[About this task] Only the pictures are to be left out; please reproduce everything else in the data exactly.

[Collected data]
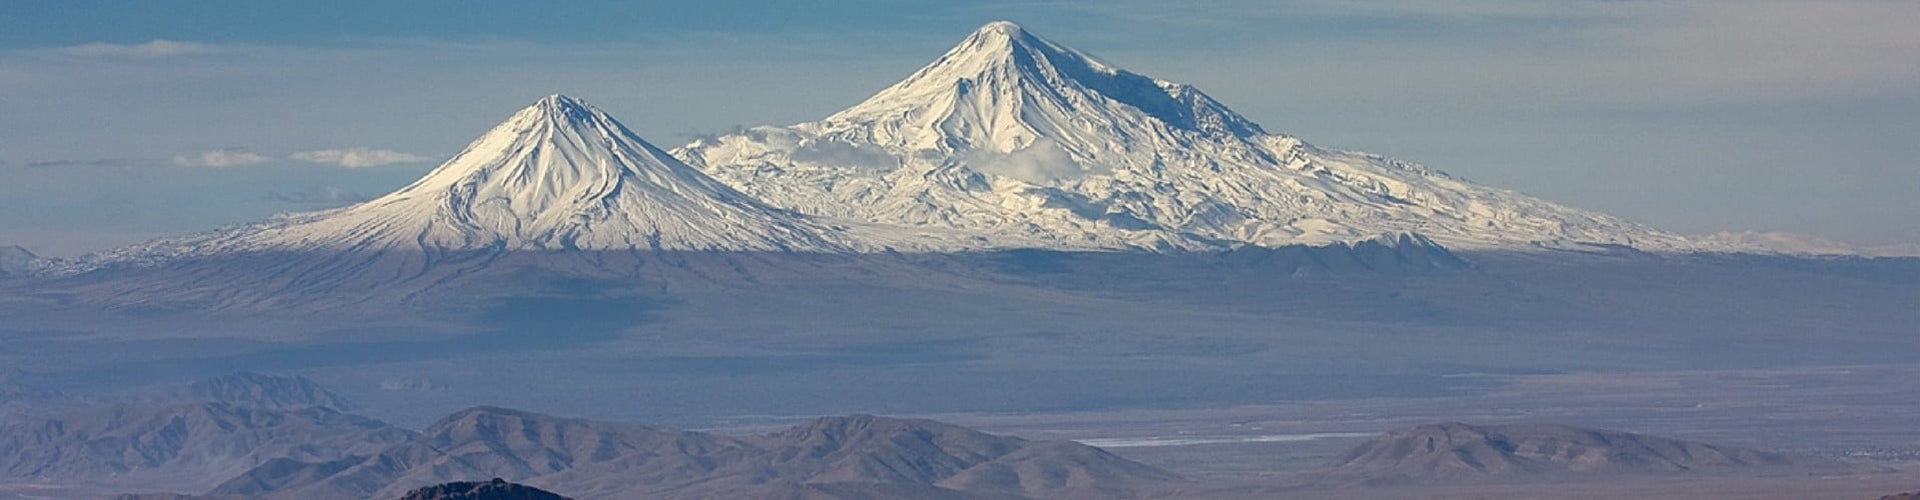 A mountainous view of Armenia
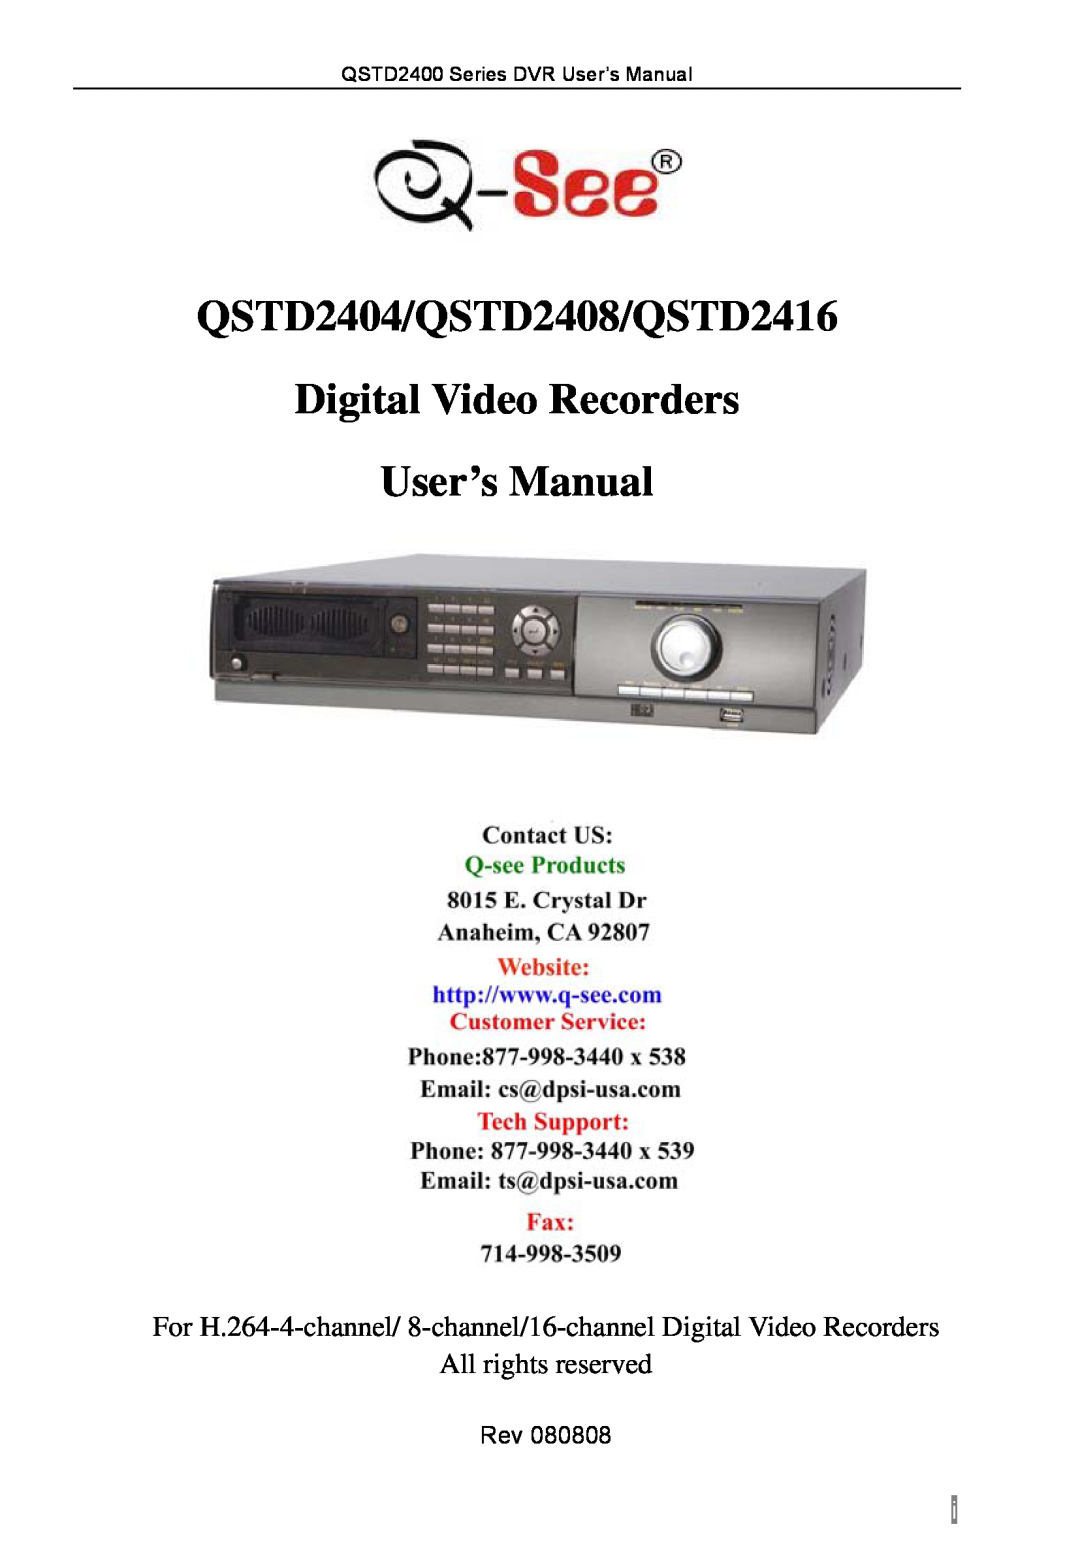 Q-See user manual QSTD2404/QSTD2408/QSTD2416, Digital Video Recorders User’s Manual, All rights reserved 
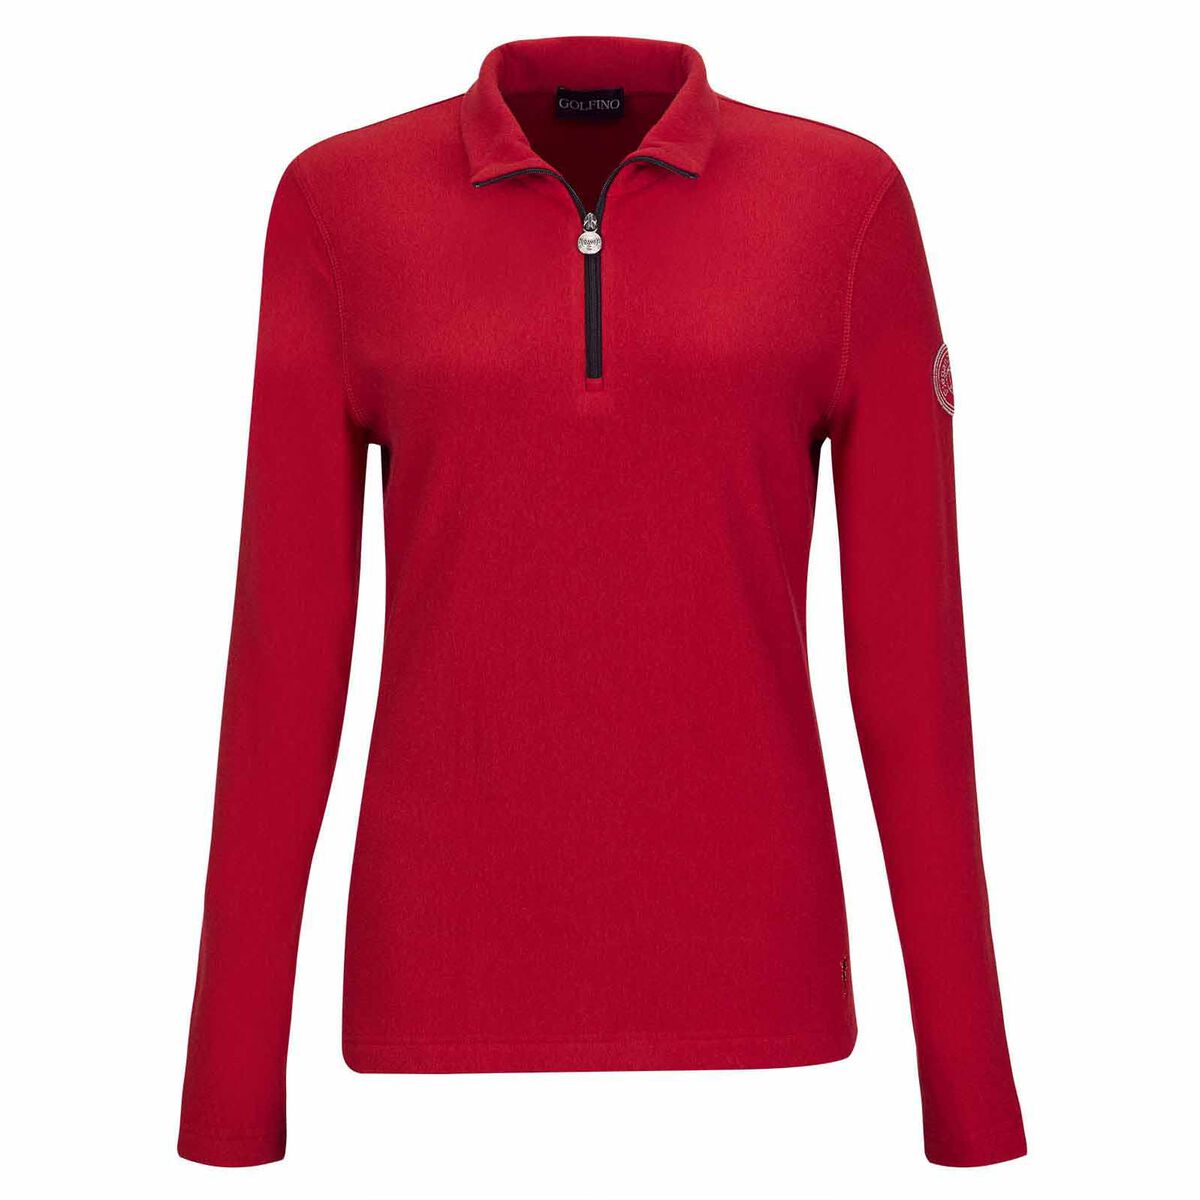 Vêtement intermédiaire GOLFINO Alessia pour femmes, femme, 10, Rouge | Online Golf

[Answer area]
 A mountainous view of Armenia
 Q-See user manual QSTD2404/QSTD2408/QSTD2416, Digital Video Recorders User’s Manual, All rights reserved 
 Vêtement intermédiaire GOLFINO Alessia pour femmes, femme, 10, Rouge | Online Golf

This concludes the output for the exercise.